Lih was raised in "a small town in Cold War America". He received a B.A. from Yale University in 1968 and a B.Phil. from the University of Oxford in 1971 before working for six years in the office of U.S. Representative Ron Dellums. He later completed a Ph.D. in political science at Princeton University in 1984. He has written for Jacobin, Weekly Worker, and the International Socialist Review, and has published several books.
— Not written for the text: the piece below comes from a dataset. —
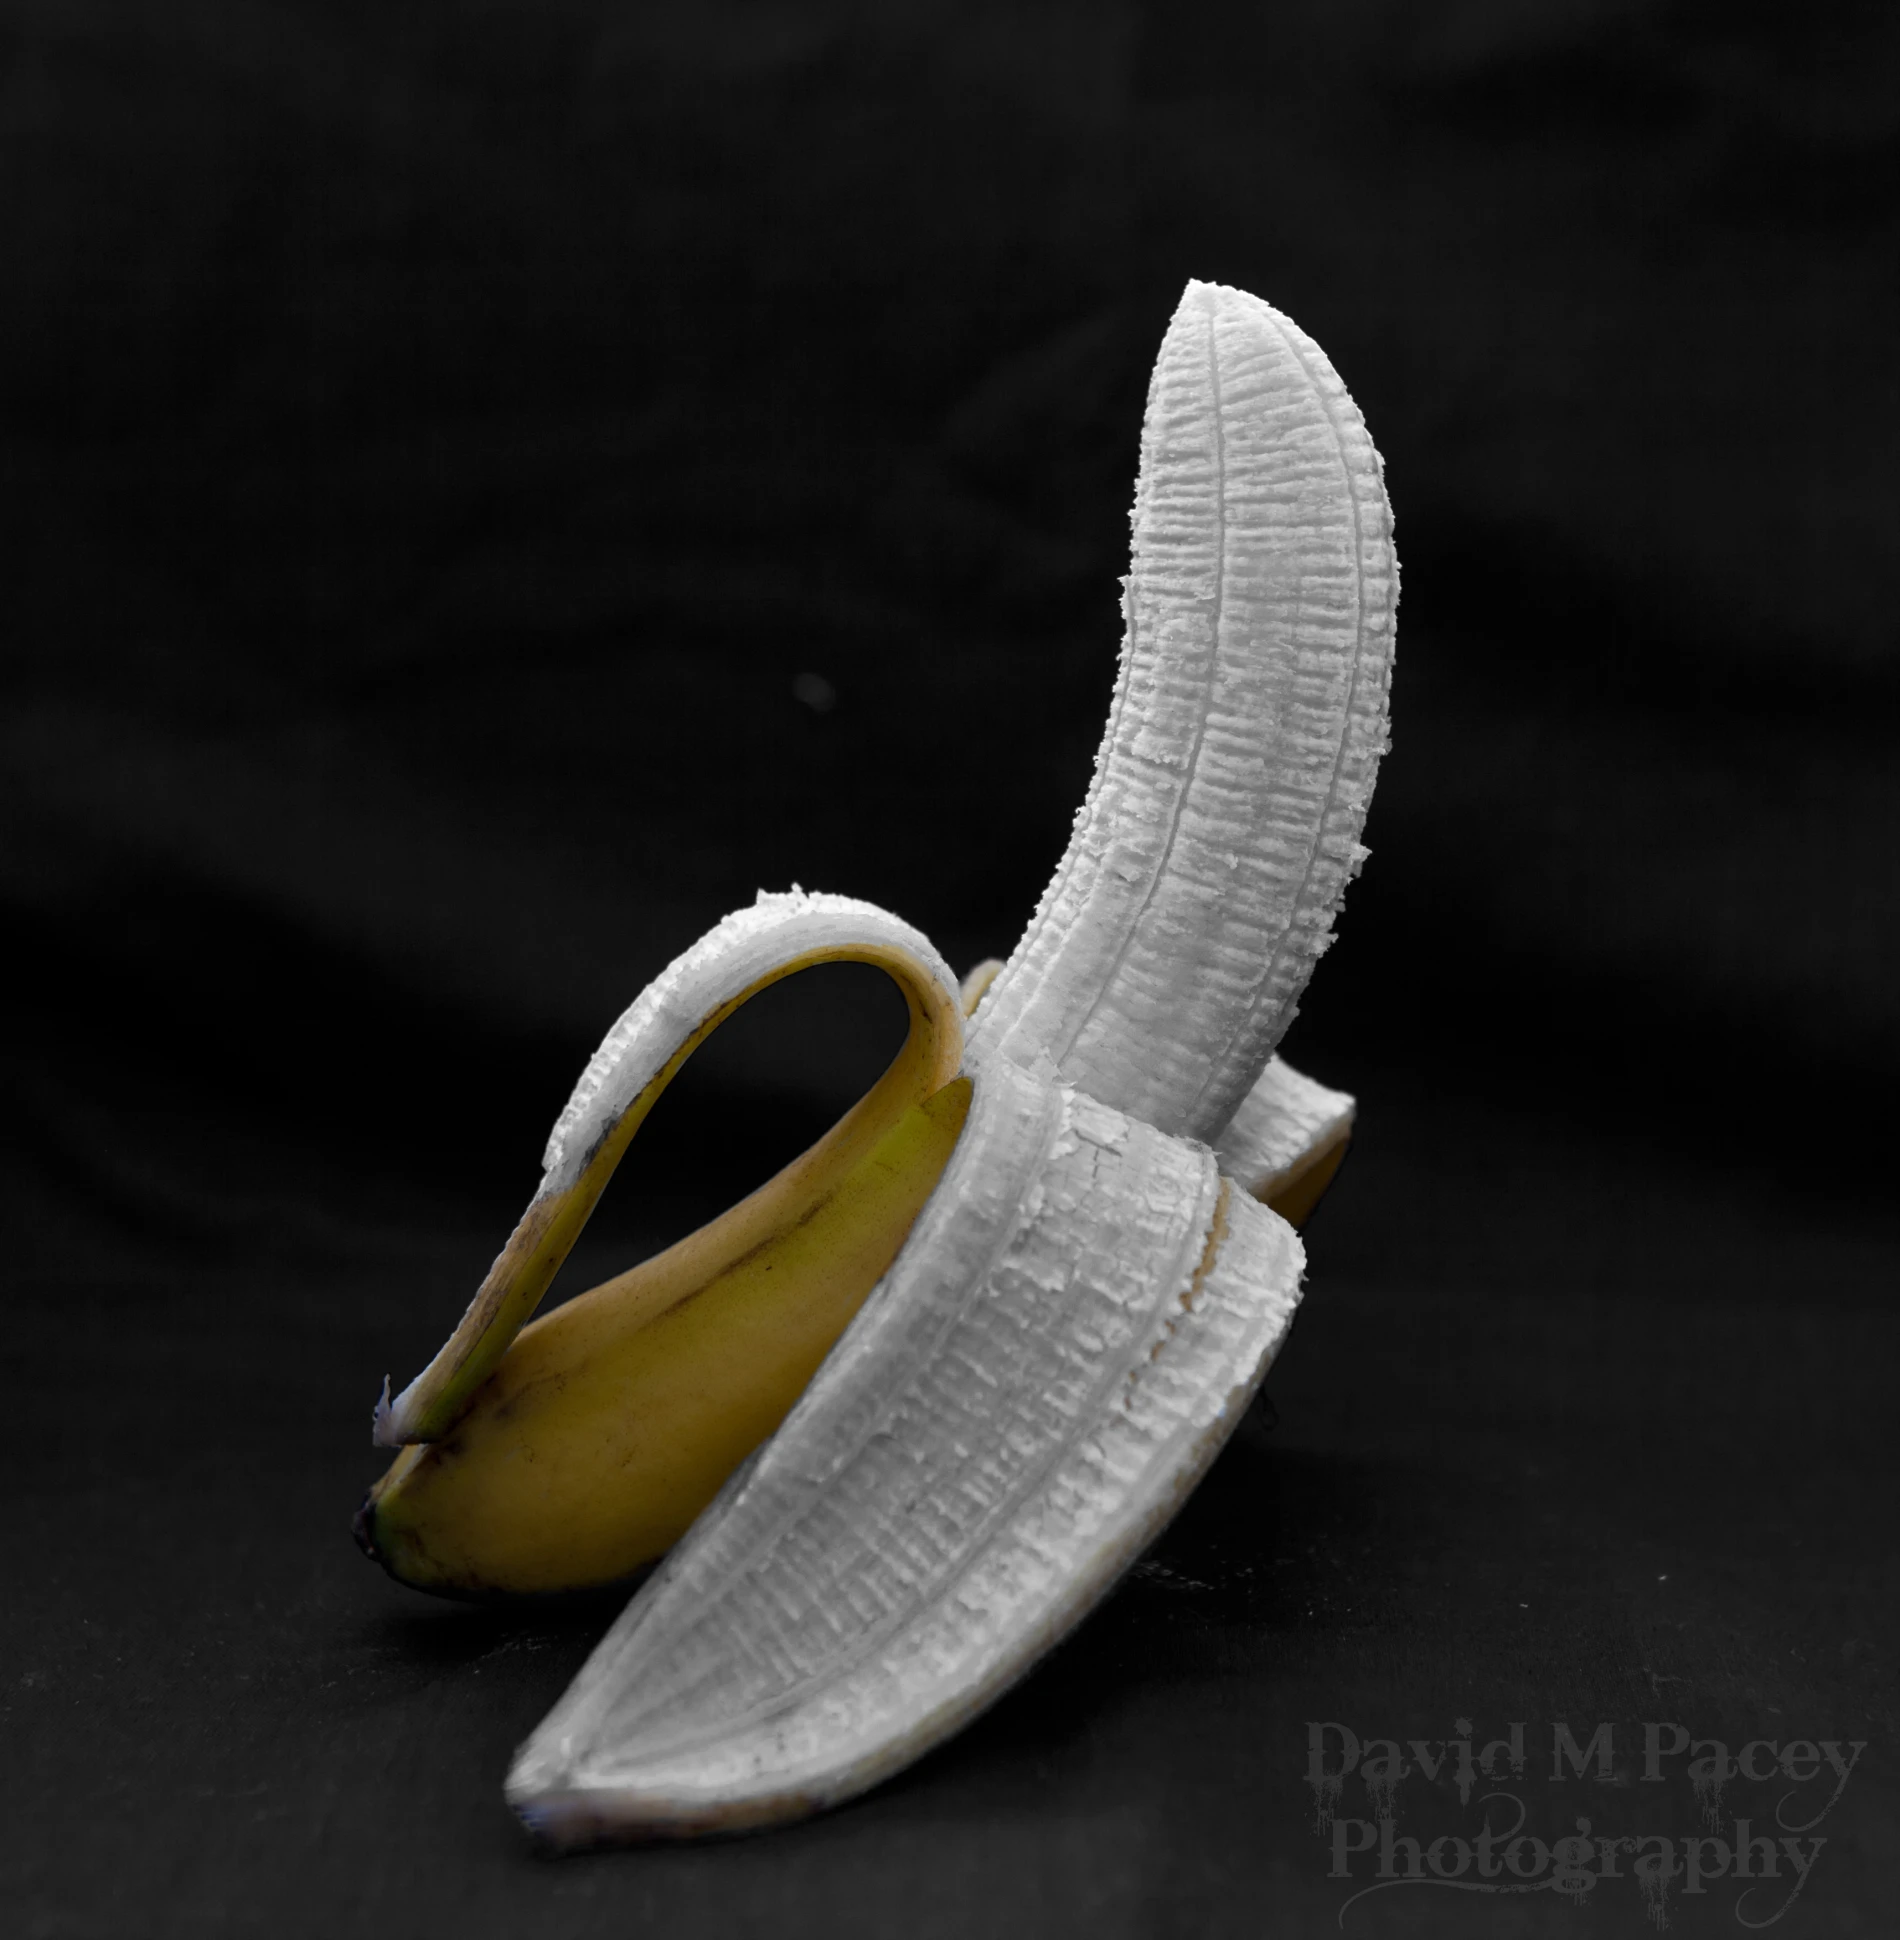 an overripe banana has been peeled and put in the shape of a banana

He was also, for a time, a lecturer at the Schulich School of Music of McGill University in Montreal, Canada.

His 2006 book Lenin Rediscovered was about Vladimir Lenin's What Is to Be Done?, and was written in part to counter the mainstream perceptions and interpretations of the book; Lih argues that "What is To be Done? is not so important, but it is very important to see why it is not so important". In 2024, he published What Was Bolshevism?, a book using primary sources from Lenin, Stalin, Bukharin, Trotsky, and Zinoviev to "paint an indispensable self-portrait of Soviet civilization".

== Books ==
- Lih, Lars T. (2024). "What Was Bolshevism?" (also published by Haymarket)
- Lih, Lars T. (2011). "Lenin" (also distributed by the University of Chicago Press)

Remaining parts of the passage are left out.